Although his religious views were more earnest than fervent, Adams wondered whether a career in the ministry would enable him "to do more good to his fellow men and make better provision for his own future Happiness." But that summer he committed his future to the law. "I am not without Apprehensions, but I am much less troubled with them than I was before I was determined what Profession to follow," he wrote to a Harvard friend. To his future brother-in-law, he confessed that "The Engines of frightful Ecclesiastical Councils, of diabolical Malice and Calvinistical good nature never failed to terrify me exceedingly whenever I thought of Preaching." A life in the law was one in which "I shall have Liberty to think for myself without molesting others or being molested myself."
Nine years later, newly wed to Abigail Smith, a prominent minister's very bright daughter, and with his legal practice prospering, Adams recorded a fresh threat to his serenity. His entry for December 18, 1765, only the fourth for the whole year, lamented "my Loss, in neglecting to keep a regular Journal" since spring. "The Year 1765 has been the most remarkable Year of my Life," made so by the spirit with which the colonists were opposing "That enormous Engine, fabricated by the british Parliament, for battering down the Rights and Liberties of America, I mean the Stamp Act"the controversial legislation for raising revenue by imposing a tax on every form of paper, from legal documents and newspapers to playing cards and calendars.

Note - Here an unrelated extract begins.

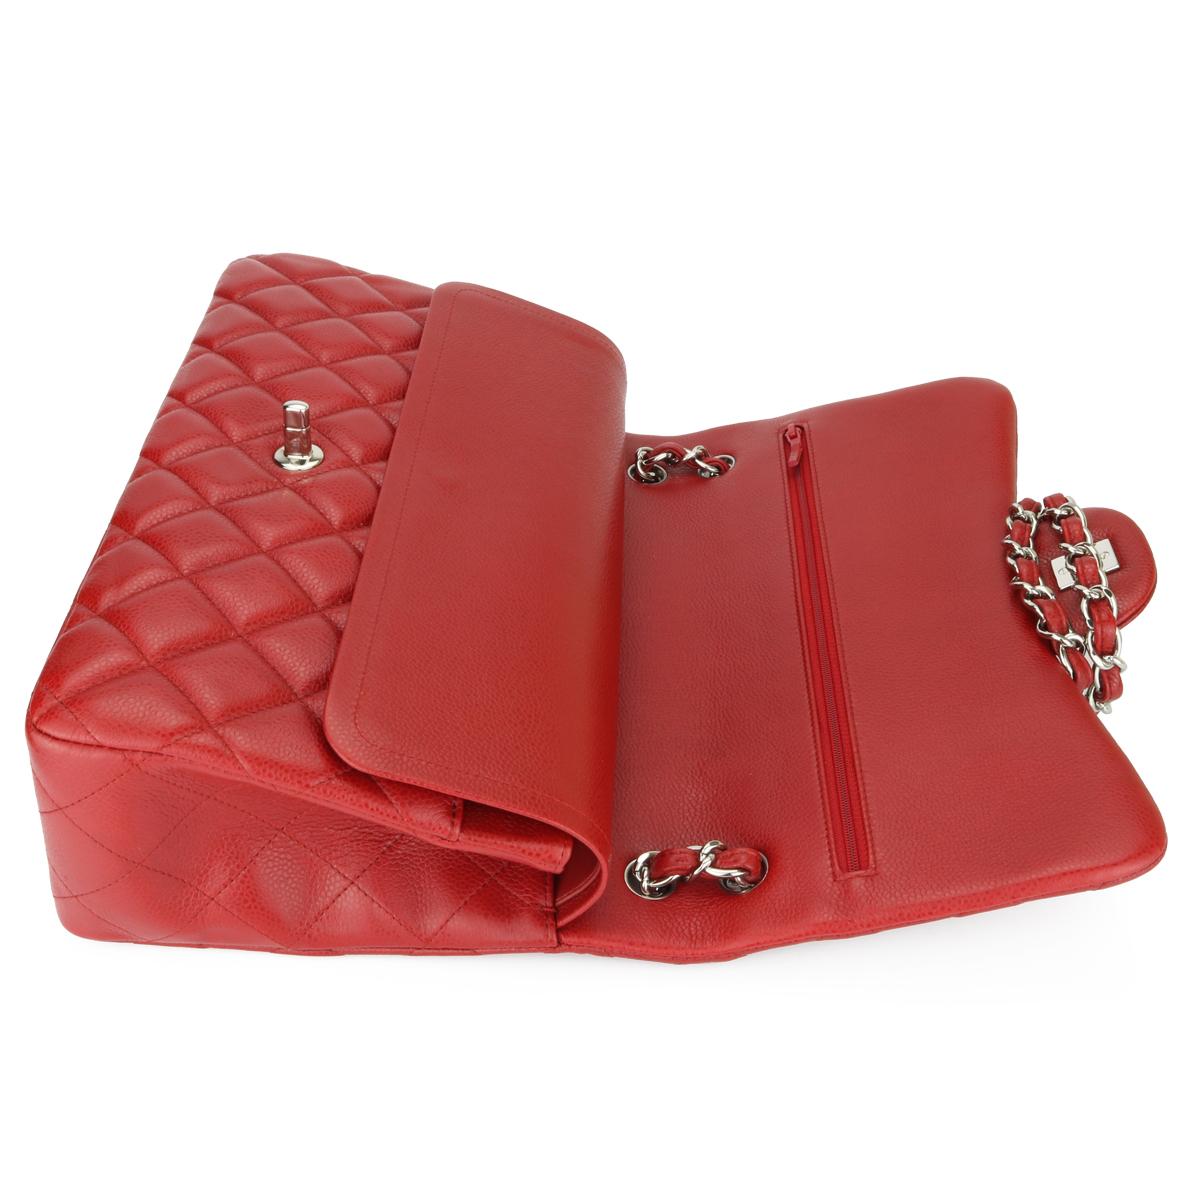 CHANEL Double Flap Jumbo Bag Red Caviar with Silver Hardware 2010 6

Adams actively supported the resulting American protests, drafting resolutions for his Braintree townsmen and publishing several essays in the Boston Gazette. Rather than permit the stamped paper to be used in legal proceedings, as the act required, the protesting Sons of Liberty insisted that the courts simply close, effectively suspending much of the daily business of governance. Adams viewed the threat to American liberty in strikingly personal terms. "I was but just getting into my Geers, just getting under Sail, and an Embargo is laid upon the Ship," he wrote; "just become known, and gained a small degree of Reputation, when this execrable Project was set on foot for my Ruin as well as that of America in General, and of Great Britain."
The next day the town of Boston summoned Adams to join two more eminent attorneys, Jeremiah Gridley and James Otis, in an effort to persuade Governor Francis Bernard to ignore the Stamp Act and allow the courts to reopen. He was "wholly at a loss to conjecture" why he had been called on this errand. In Boston on December 20, he learned that Otis and Gridley expected their young associate "without one Moments Opportunity to consult any Authorities, to open an Argument, upon a Question that was never made before."